*SUPPLIED DATA:*
^^^^^^^^

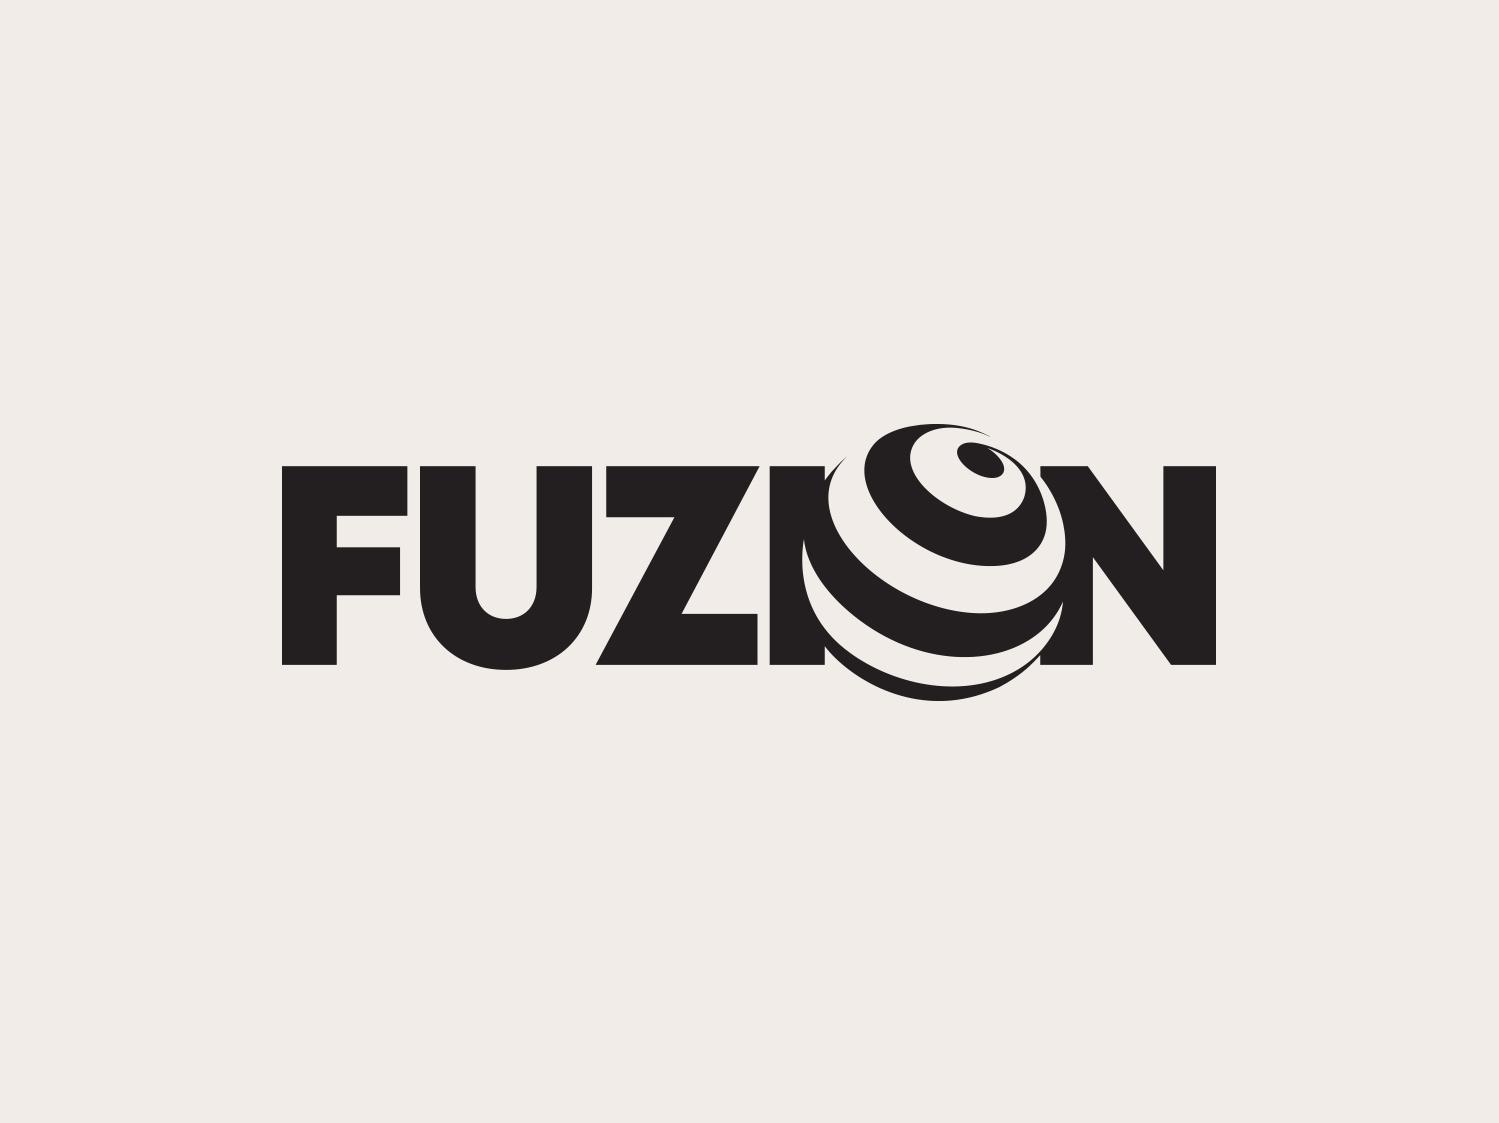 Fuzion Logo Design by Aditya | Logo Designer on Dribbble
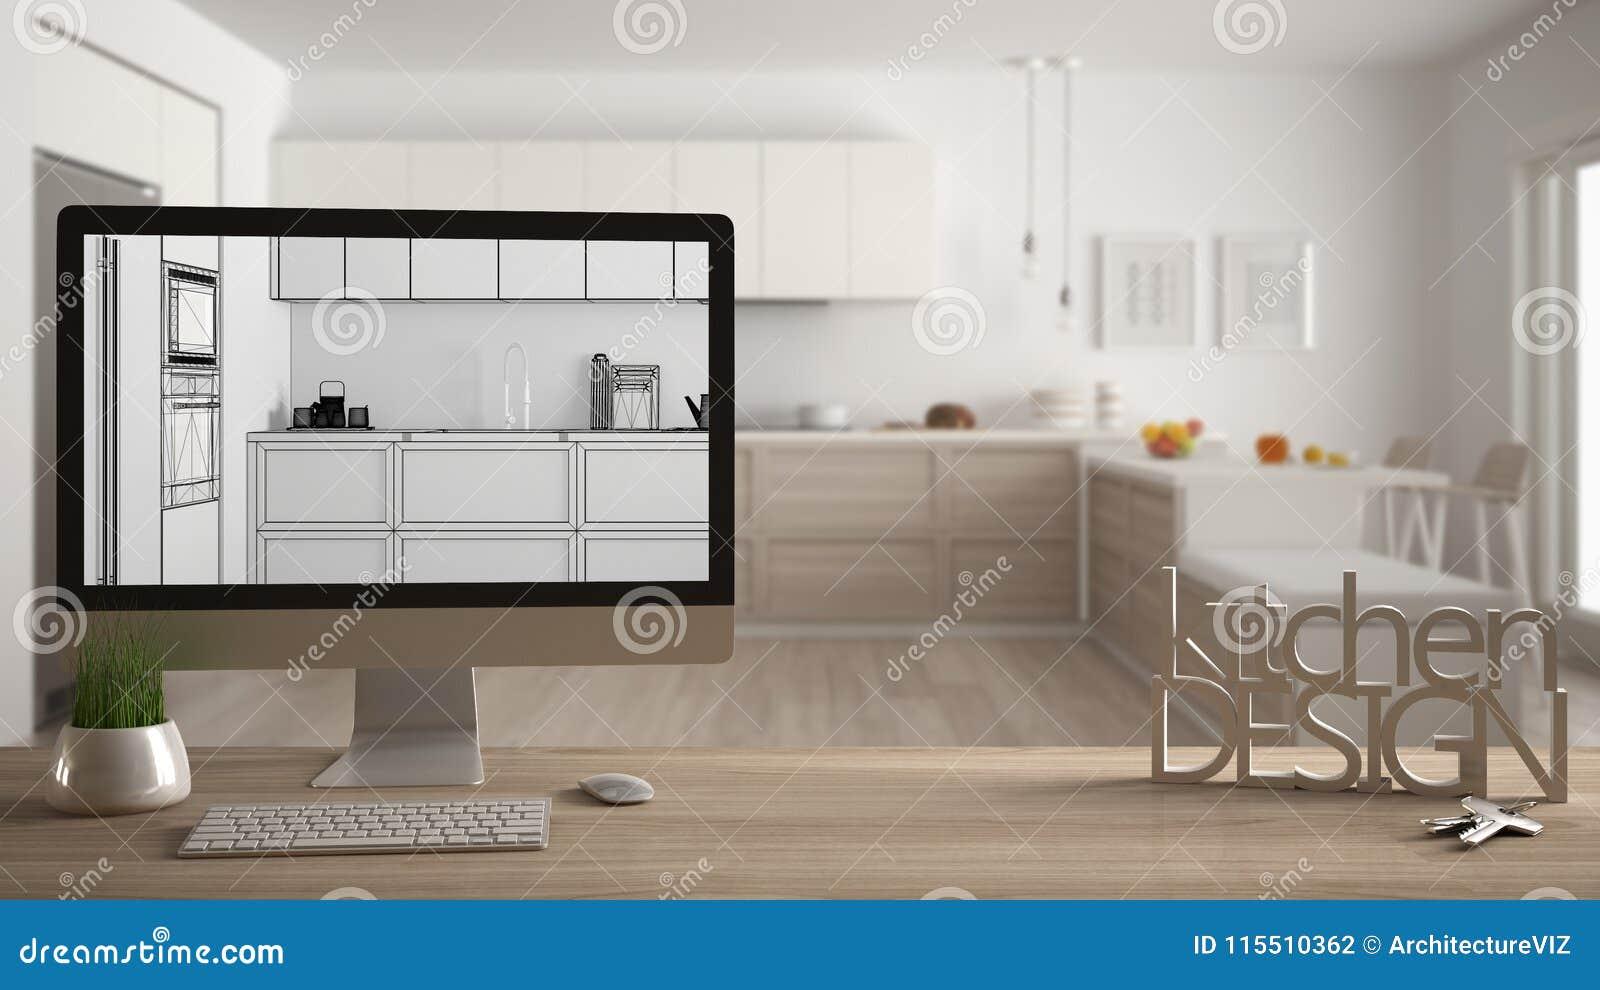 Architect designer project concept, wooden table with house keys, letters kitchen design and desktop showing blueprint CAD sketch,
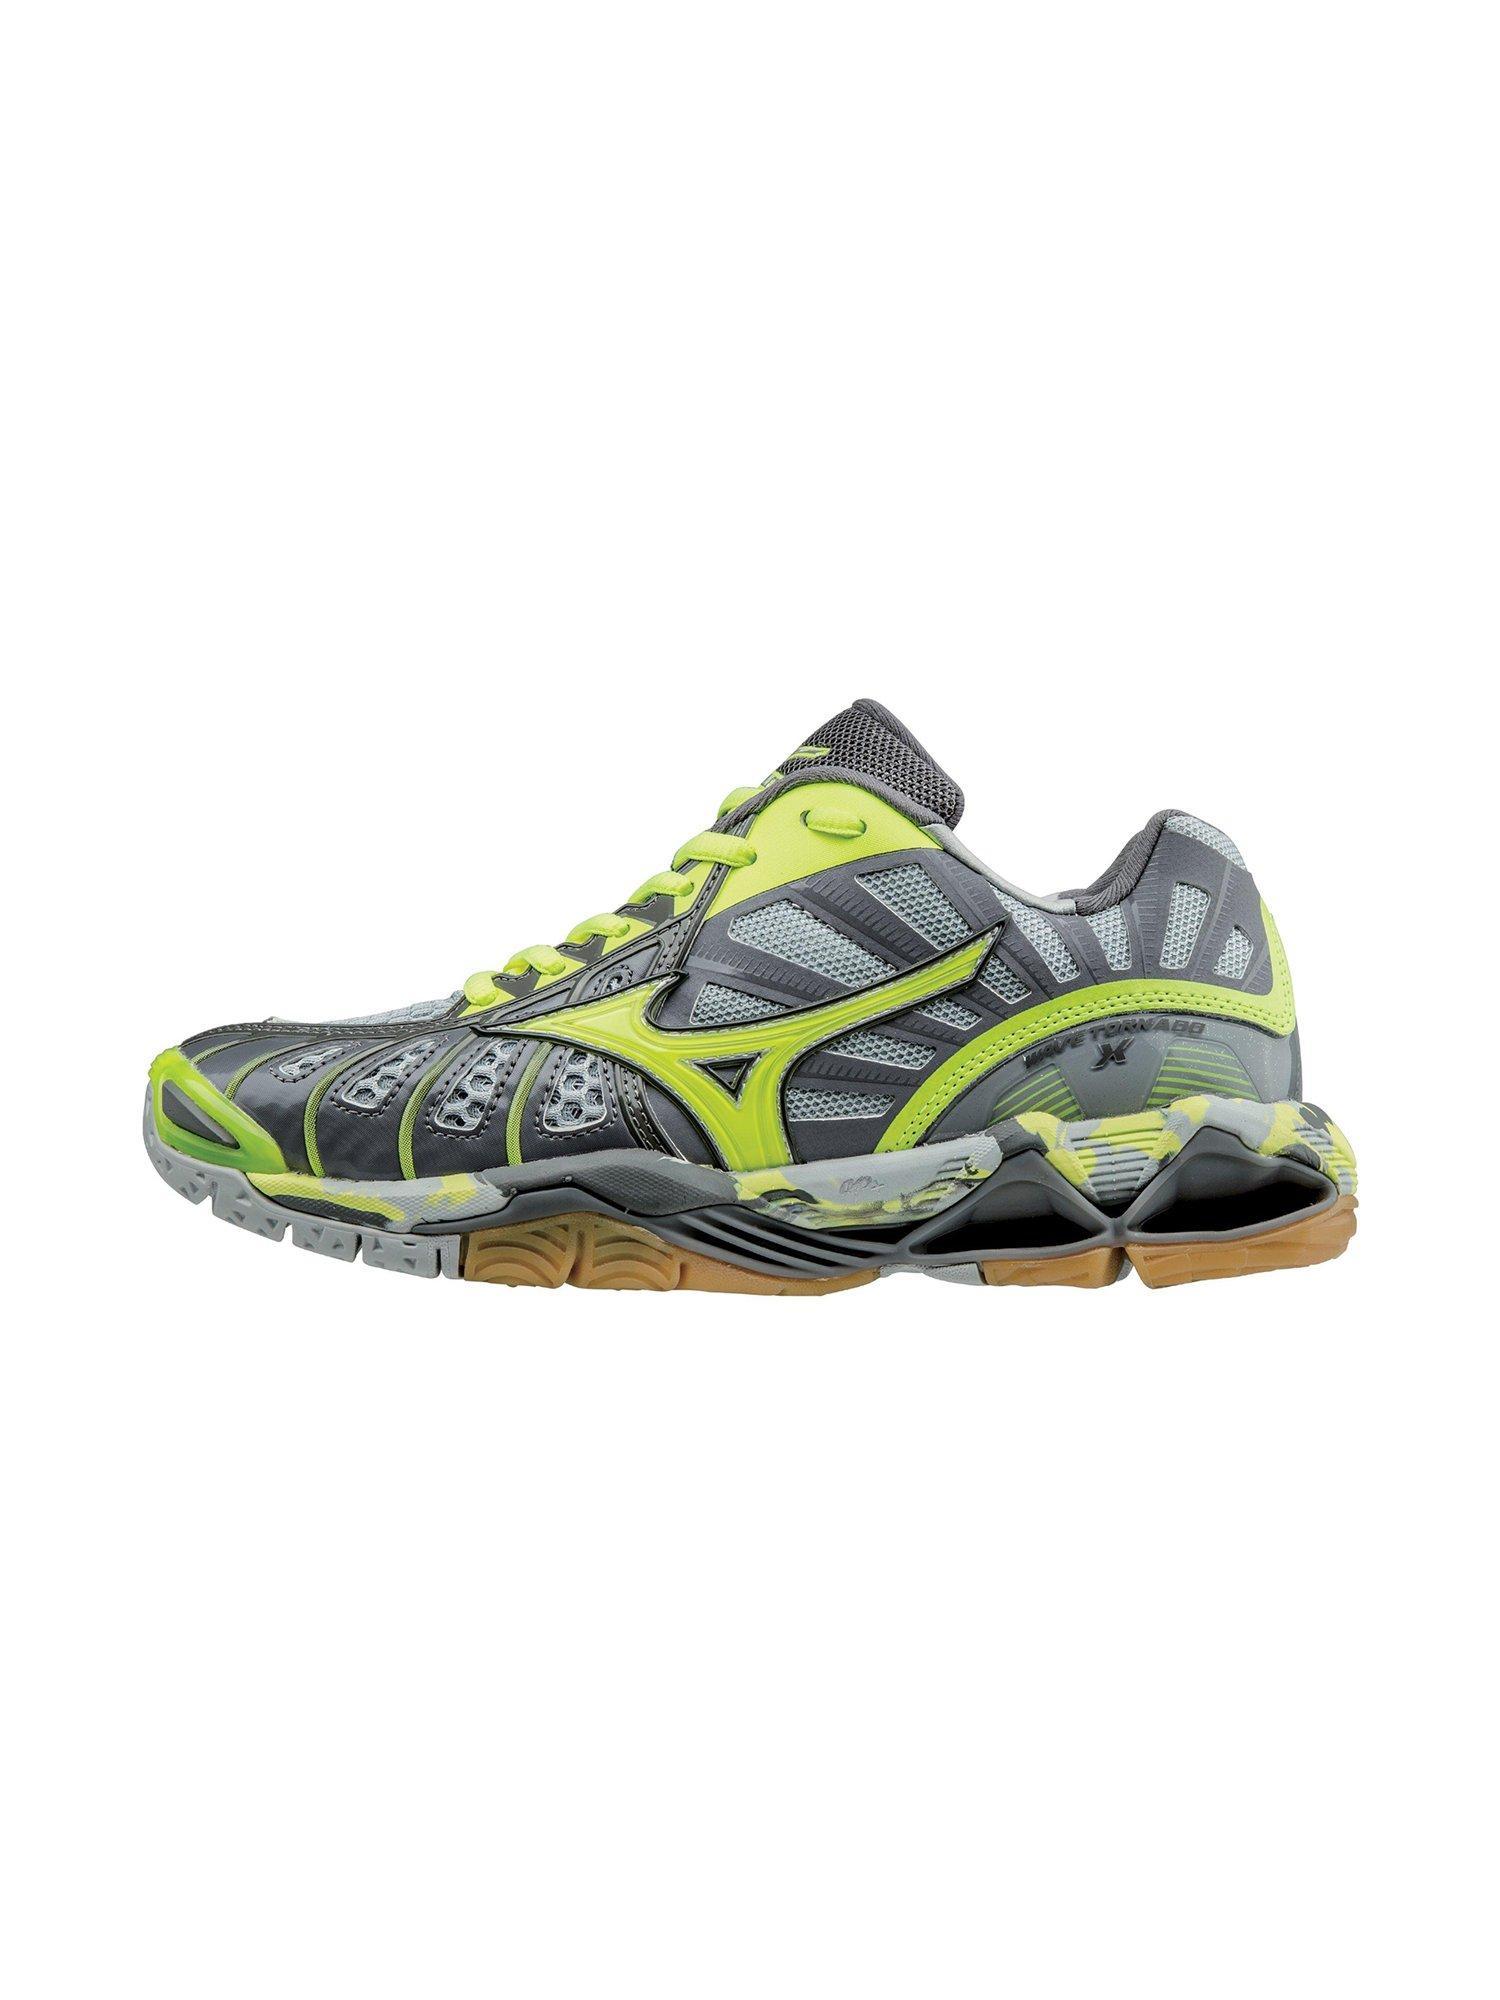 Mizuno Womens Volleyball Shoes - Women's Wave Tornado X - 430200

^^^^^^^^

*WHAT THIS TASK INVOLVES:* Print exactly the lines from the line with "Architect designer project" through the end of the data, both ends included, and print no pictures.

*WRITTEN ANSWER:*
 Architect designer project concept, wooden table with house keys, letters kitchen design and desktop showing blueprint CAD sketch,
 Mizuno Womens Volleyball Shoes - Women's Wave Tornado X - 430200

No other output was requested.